One January morning, in 1945, the camp’s inhabitants marched out the gates they came in and embarked on a “march to nowhere,” widely known as the death march. Herb recalled seeing signs to Prague and realized he had gone full circle. On the third or fourth day Herb spotted a backpack and swiftly picked it up. Once inside the farmhouse in which they were sleeping for the night, Herb realized its contents were ones that could save his life: civilian clothing. As the group continued onward, Herb hid in the straw until he was alone. He put on the civilian clothing, which swallowed his emaciated body, and followed German workers to a train station. In a bid to make himself seem like a true German he called out “where are you mother?” so people would think he was looking for his relative on the train. As SS officers and dogs walked up and down the aisle of the train, Herb stayed still as a statue.
Herb arrived at their family friends’ house, the Crawls. The first thing he did was he took acid and rags to remove the tattooed number on his arm; he still bears the scar today. Herb slept for two days straight. Herb witnessed from inside as the Czechs tore the streets apart during the Czech Revolution in May of 1945. Finally, on May 9th the Russian army arrived, Herb was able to leave the apartment for the first time since his arrival, at that point he would have “welcomed the devil.”

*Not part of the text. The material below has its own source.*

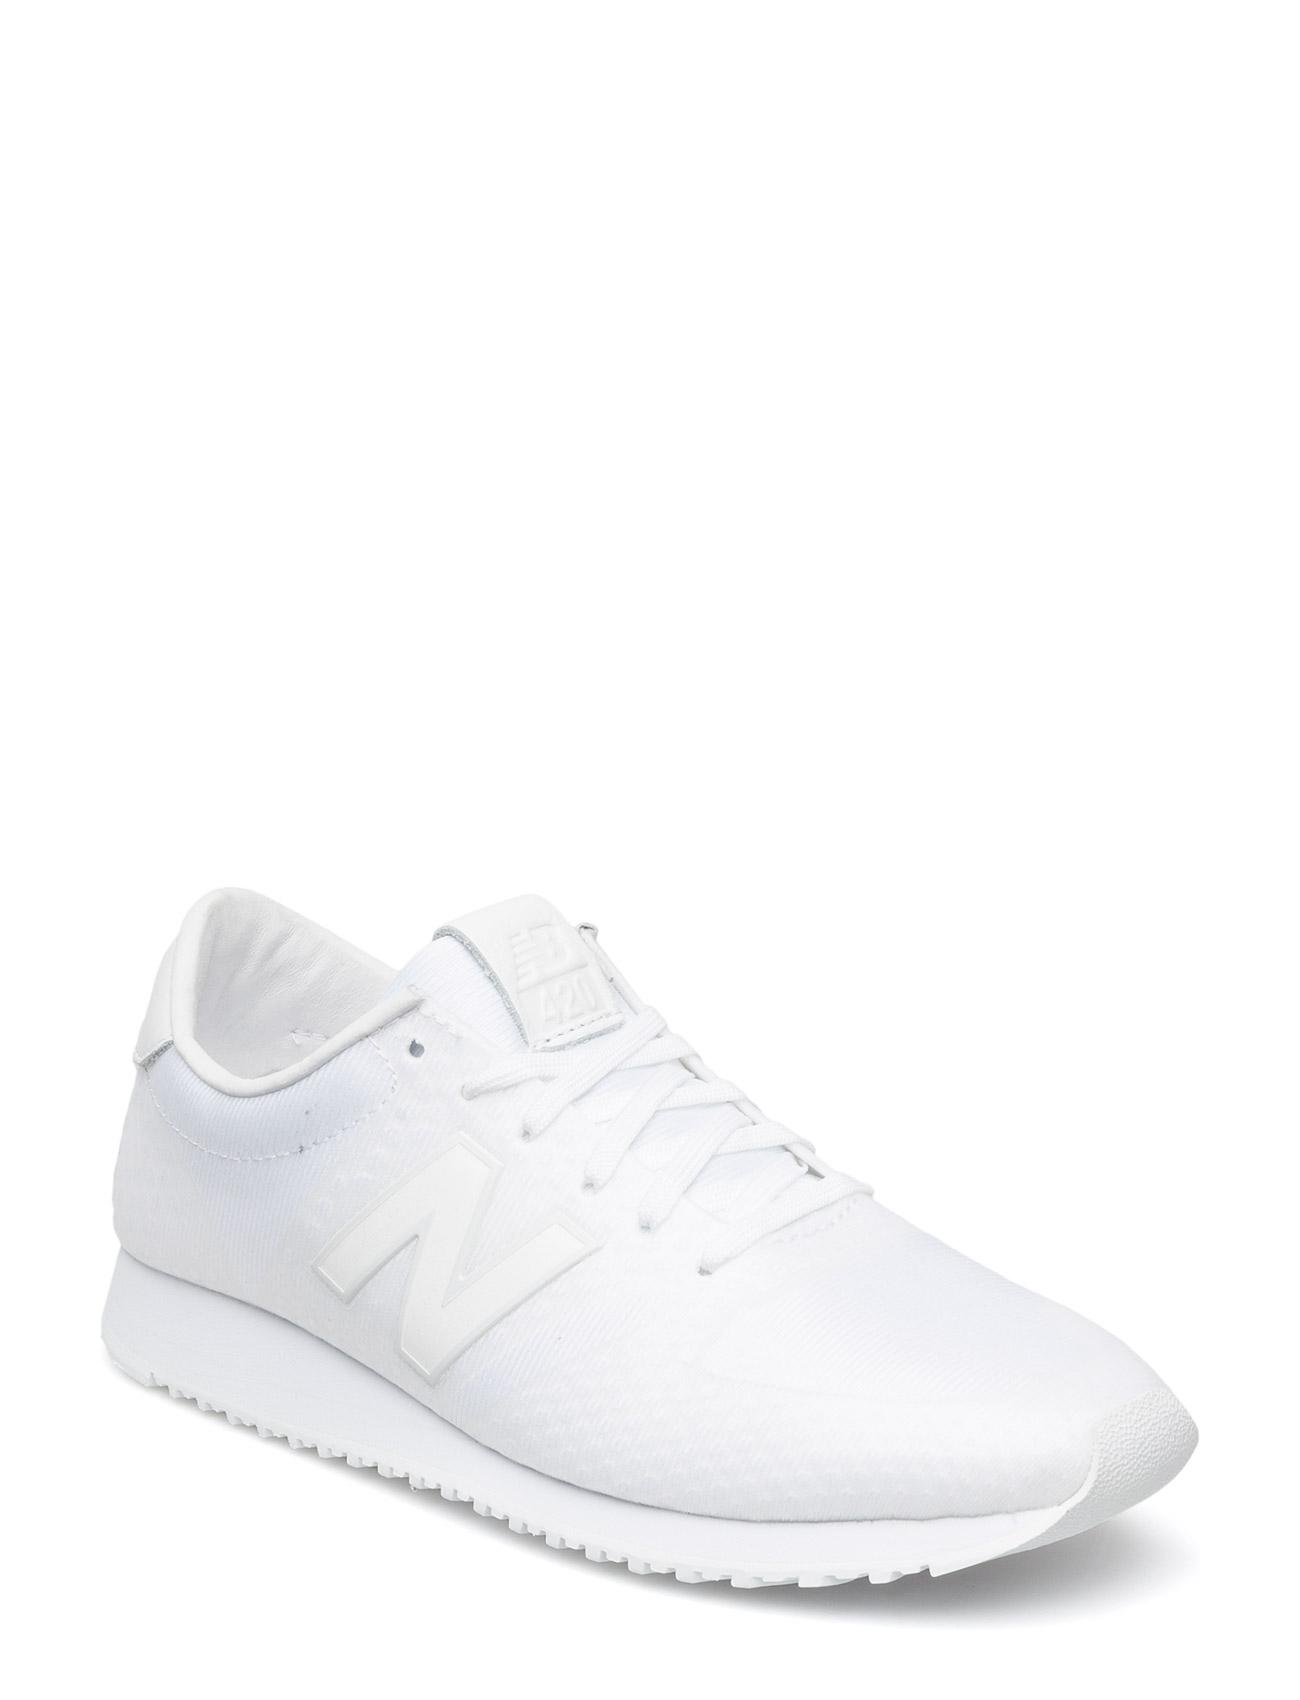 Wl420dfe New Balance Sneakers til Kvinder i hvid

After liberation, Herb made a daily trip to the Red Cross in search of his mother, father, and brother. In June of 1945 Herb was given the greatest gift: his mother. He still gets choked up when thinking about that moment. Herb and his mother began their journey to the United States in 1946. They arrived at the infamous Ellis Island, passed the required examinations, and were granted entry to the country, but allowed to bring only $10 with them each. From New York, the pair took a train then ferry to San Francisco where they took up residence with Herb’s aunt at 435 15th Avenue. Herb found a job as a stock boy in a shop similar to the Five and Dime; he worked for 80 cents an hour. His mother worked as a housekeeper. At night Herb went to night school and took classes such as English, mathematics, civics, and history; he spent five years in night school. From the job as a stock boy, Herb earned a position at a telephone company as an apprentice in repairs. In 1948 Herb walked into the training department at the Macy’s on Stockton and O’Farrell and became a stock boy at a $1.00/hour rate. He worked 60-80 hours weekly and saved his money wisely. After six months, Herb earned himself a promotion: he was now the Head of Stock. In addition to his full time job, Herb decided to join the Army Reserves. This decision benefitted Herb when it came time to apply for citizenship in 1952. Herb was granted citizenship by the judge instantaneously. Herb was then promoted to Junior Assistant; though it was a bigger title he actually earned less. Herb spent a total of ten years working for Macy’s before starting a business of his own, a baby store in the beautiful Marin County, California. While in New York while working for Macy’s on a buying trip, Herb’s friend gave him tickets to a Broadway show. Herb asked a girl named Annette, and though not very interested in him, she went anyways.
Evidently she loved the musical because they have been together ever since. Herb is now the father to three children and grandfather to ten grandchildren, and of course, loving owner to his beloved dog Duke.